Force a été de constater, au cours des années, combien cet enfant est en capacité de s'investir dans ce qu'il fait avec beaucoup d'intérêt et de concentration, pour peu qu'il soit encouragé et féliciter dans ses tentatives d'action. L'étayage de l'accompagnatrice est essentiel pour le confirmer dans ce qu'il fait, dans sa capacité à y parvenir, car cet enfant trahit un grand manque de confiance en lui. Il s'agit d'encourager, d'y croire pour lui, sans faire à sa place.

Bettelheim affirme que les enfants bougent de leur position autistique quand on les rend actifs. « Ils reviennent à la vie, seulement lorsque nous pûmes créer les conditions, ou être les catalyseurs, qui les induisent à agir de leur propre chef. » (Bettelheim, 1969, p. 35)

Et il insiste sur le fait que « plus je peux faire ce que me semble valoir la peine d’être fait, plus je suis moi-même. » (Bettelheim, 1969, p. 61)

Et il nous rappelle que « la vie intérieure et la personnalité ne se développent pas pour bénéficier d’une plus grande richesse en sensation ou en expérience intérieure.

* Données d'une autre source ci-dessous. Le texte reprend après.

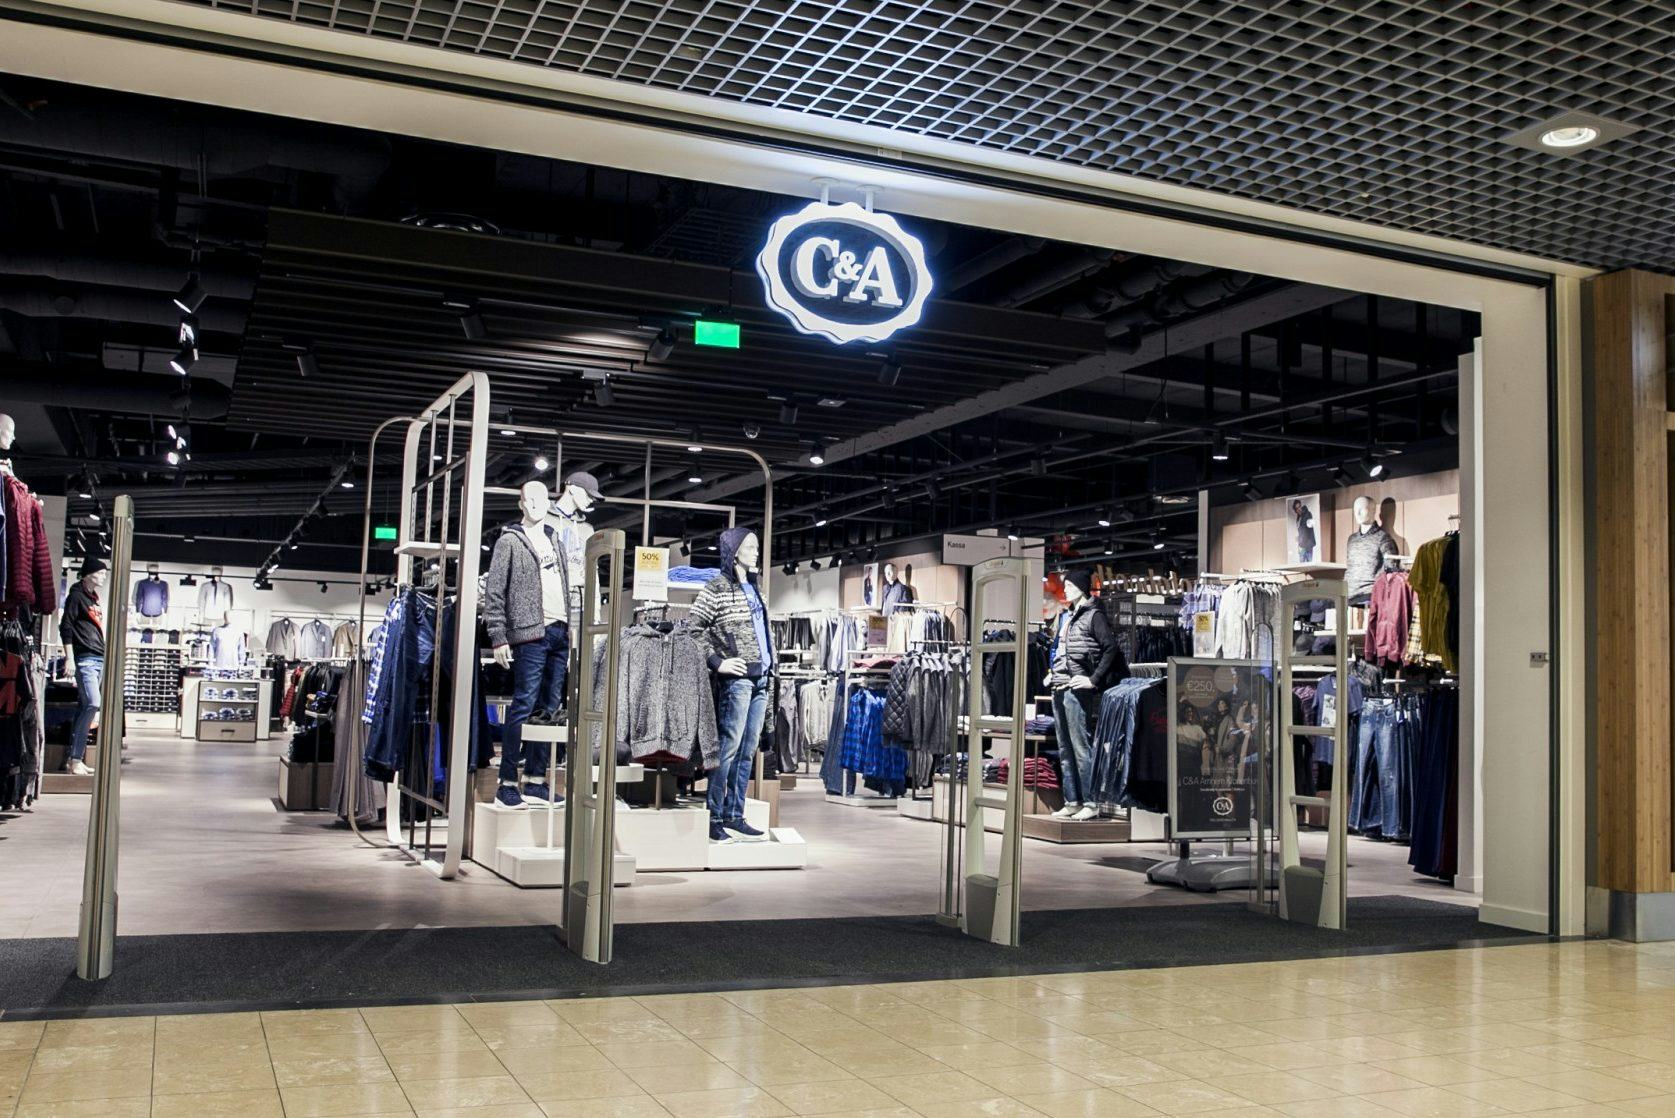 Belofte Leeg de prullenbak luchthaven Zeven vragen over krimp van modeketen C&A

La personnalité ne se développe que pour une seule raison : commercer avec le monde extérieur en espérant pouvoir l’influencer. » 

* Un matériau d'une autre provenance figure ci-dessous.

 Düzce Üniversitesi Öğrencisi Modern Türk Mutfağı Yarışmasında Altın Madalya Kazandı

       Autour des actions indispensables pour s'occuper de son cheval, afin de pouvoir être porté par lui, l'enfant TSA va occuper le temps et l'espace de la séance d'équithérapie à sa manière. Rien n'est anodin dans ses comportements, mouvements et actions. Ce qui, pour nous, est dépourvu de finalité et de sens, ne l'est pas pour cet enfant atypique. Ainsi notre perception de sa manière d'habiter ce temps de médiation ne doit pas être évalué à l'aune de nos normes sociétales basées, aujourd'hui, sur l'efficacité, (de ce qui serait produit), et la rentabilité (de ce qui serait effectué). Il nous amène à considérer la vie et le monde qui nous entoure, autrement.

 

Bettelheim refuse de porter un jugement sur l’expérience des enfants, en employant des termes comme : « temps vivant » ou « temps mort » ; « activité » ou « non-activité ». Pour lui, « les moments privés de finalités étaient loin d’être perçus comme une absurdité ou un signe de désespoir ». (Léon ; Menendez, 2009, p. 95). 

3. une créativite - des strategies

Il n'y a pas une manière de faire. Pas une manière de monter sur le cheval, de le conduire, de le caresser, de s'intéresser à lui, ...

Si la sécurité des inter-actants et le bien être du cheval ne se discutent pas, la manière d'arriver à ses fins diffère selon notre perception de notre environnement. C'est en laissant cet espace-temps ouvert, sans imposer une manière de faire, tout en proposant, que la créativité de la personne va s'exprimer, révélant ses potentialités à son entourage comme à elle-même. Ces "révélations" sont autant de chance pour la personne de progresser dans l'affirmation de sa personnalité.

               L'expérience m'a montré que la personne TSA va évolué dans sa manière de considérer l'animal. De l'animal objet, source de jouissances durant le portage, le cheval va devenir intéressant en lui-même, pour ce qu'il est. Certains enfants vont s'intéresser, au moment de la récompense à sa manière de croquer la carotte, au mouvement de ses maxillaires, etc ... Une autre personne, va progressivement trouver plus d'intérêt au temps de préparation et de rangement qu'à être sur le cheval.  Et tant d'autres exemples qui montrent combien le cheval est moteur pour amener la personne TSA à progresser dans l'ouverture à son environnement et à l'autre en tant que sujet l'obligeant en douceur à sortir de son besoin de sécurité et de son état de défense par le contrôler de son environnement.